The need for pension reform has been clear for years, but few public pension funds have followed through. As the industry deals with fallout from the coronavirus, The Institute for Pension Fund Integrity (IPFI) has some suggestions about pension reform.
Bailouts could lead to pension reform
In a recent report, the IPFI suggested something many lawmakers find unacceptable: bailouts for public pension funds. Numerous public funds are in a precarious position following this latest downturn, so the institute believes more and more states will seek bailouts from the federal government.
Illinois lawmakers have already called for $40 billion in assistance, including $10 billion for its public pension funds. New Jersey lawmakers have also called for a $500 billion federal loan program to support their state's public pensions.
The IPFI notes that any federal move to rescue pensions that have been underfunded for a long time would face severe political backlash what would effectively amount to a bailout for poorly managed pensions and fund managers who never wanted to take actions to address their problems.
However, despite the federal backlash, the scale of the issue may be so bad that federal support may be inevitable due to the high risk of insolvency in several states. If a bailout occurs, the federal government may then demand meaningful pension reforms, which public officials have so far refused to consider.
States could declare bankruptcy
Senate Majority Leader Mitch McConnell has previously said they could allow states to file for bankruptcy in response to the pension crisis. He believes states should be allowed to go bankrupt instead of receiving bailouts for their underfunded pension funds.
Dr. Walter Lane of the University of New Orleans, a bankruptcy expert, has written that the states which are thinking about bankruptcy are those that face steep pension commitments. If these states do file for bankruptcy, public pension beneficiaries would see their benefits cut entirely.

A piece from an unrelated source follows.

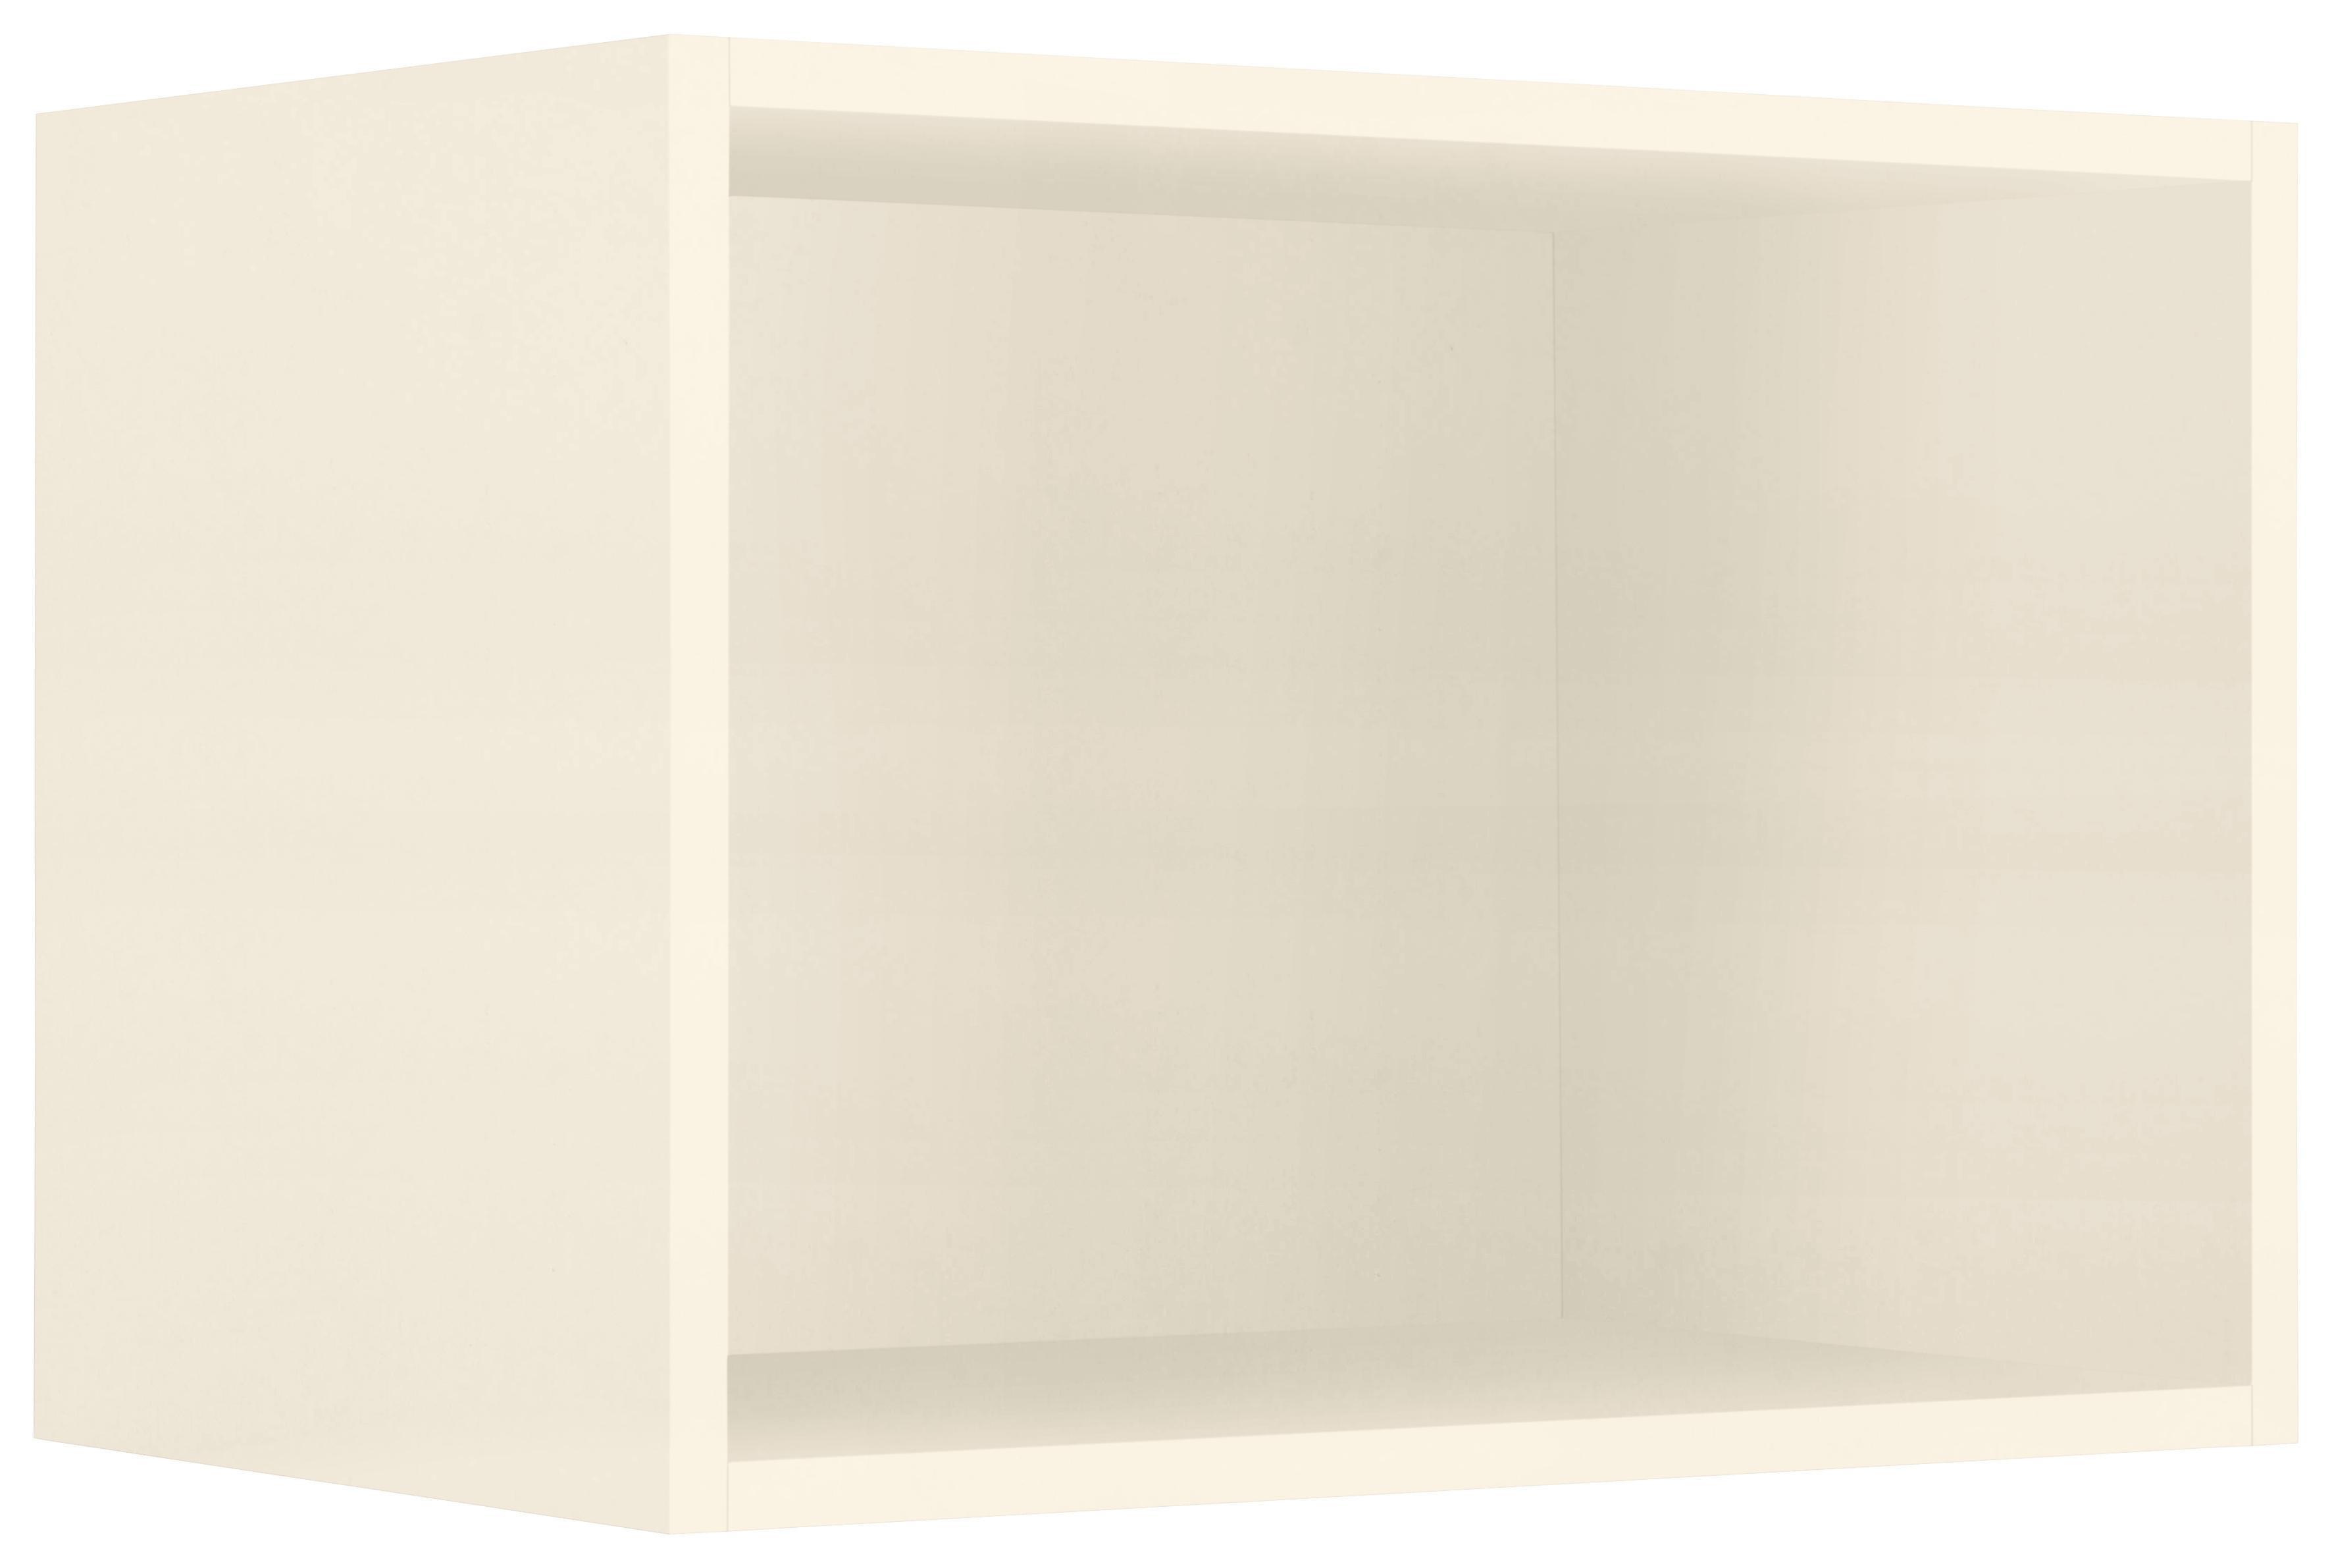 WIHO-Küchen Hängeregal Flexi2 Breite 50 cm   Küche und Esszimmer > Küchenregale > Küchen-Standregale   Melamin   Wiho Küchen

At this point, states are prohibited from filing for bankruptcy. That means states would have to follow a long process that ends at the Supreme Court. An alternative would be if Congress passes new legislation allowing them to file for bankruptcy.
Before bankruptcy, states will cut programs like Medicaid and higher education. They could also liquidate their parks and buildings. Even though bankruptcy is a last-ditch effort, the constitutional validity of allowing it will be questioned.
Pension reforms to focus on fiduciary responsibility
The IPFI also suggested that the pension reforms could turn fund managers' attention back to their fiduciary duty obligations. That would mean the fund managers are required to make investment decisions designed to maximize returns instead of pursuing an alternative agenda.
In recent years, the institute has said that there's been a concerning trend among some fund managers, who have begun to prioritize their social or political considerations over maximizing returns. The IPFI said calls for divestment from certain industry and a focus on ESG may have immediate political benefits for some public officials, but they don't protect the long-term stability of pension funds.
The IPFI called attention to the California Public Employees' Retirement System (CalPERS), which went from a $3 billion surplus to a $140 billion deficit over 10 years. The fund has been criticized because it has focused more on investing in green companies instead of on generating stable returns. The IPFI noted that CalPERS averaged a 6.7% return in fiscal 2019, while the S&P 500 and the Vanguard 500 index fund generated returns of more than 30%.
Following the coronavirus economic downturn, there has been a renewed push to include ESG products in pension funds as proponents claimed that such funds have been outperforming traditional investment products. However, the IPFI reports that this hasn't been the case as ESG scores offered limited explanation of positive returns during the pandemic and failed to shield funds from falling stock prices.
Pension reforms around assumed returns and risk
The IPFI added that if there is one key takeaway for public pensions from the COVID-19 crisis, it should be that the trend of investing in riskier assets to offset current shortfalls through higher expected returns in the future can backfire.
Fund managers don't seem to be factoring in any risk of economic crisis or recession into their projections. The IPFI called on public officials to move toward realistic actuarial assumptions for calculations of future pension fund growth and required contribution levels.
The institute also called for wider use of stress testing as only 10 states require stress testing for pension funds. It said those states are better positioned to adjust their projections and implement other forward-thinking policies to stabilize growth and local budgets.
Pension clauses in state constitutions
The IPFI also noted that several state constitutions include classes preventing a reduction in pension benefit payments. However, those clauses hinder the options available to public officials who are dealing with unfunded pension liabilities. Due to the nature of the economic crisis, the IPFI believes public officials should rethink these clauses.
The institute also argues that states should also more carefully examine legislation that expands benefits when those decisions can't be reverted easily.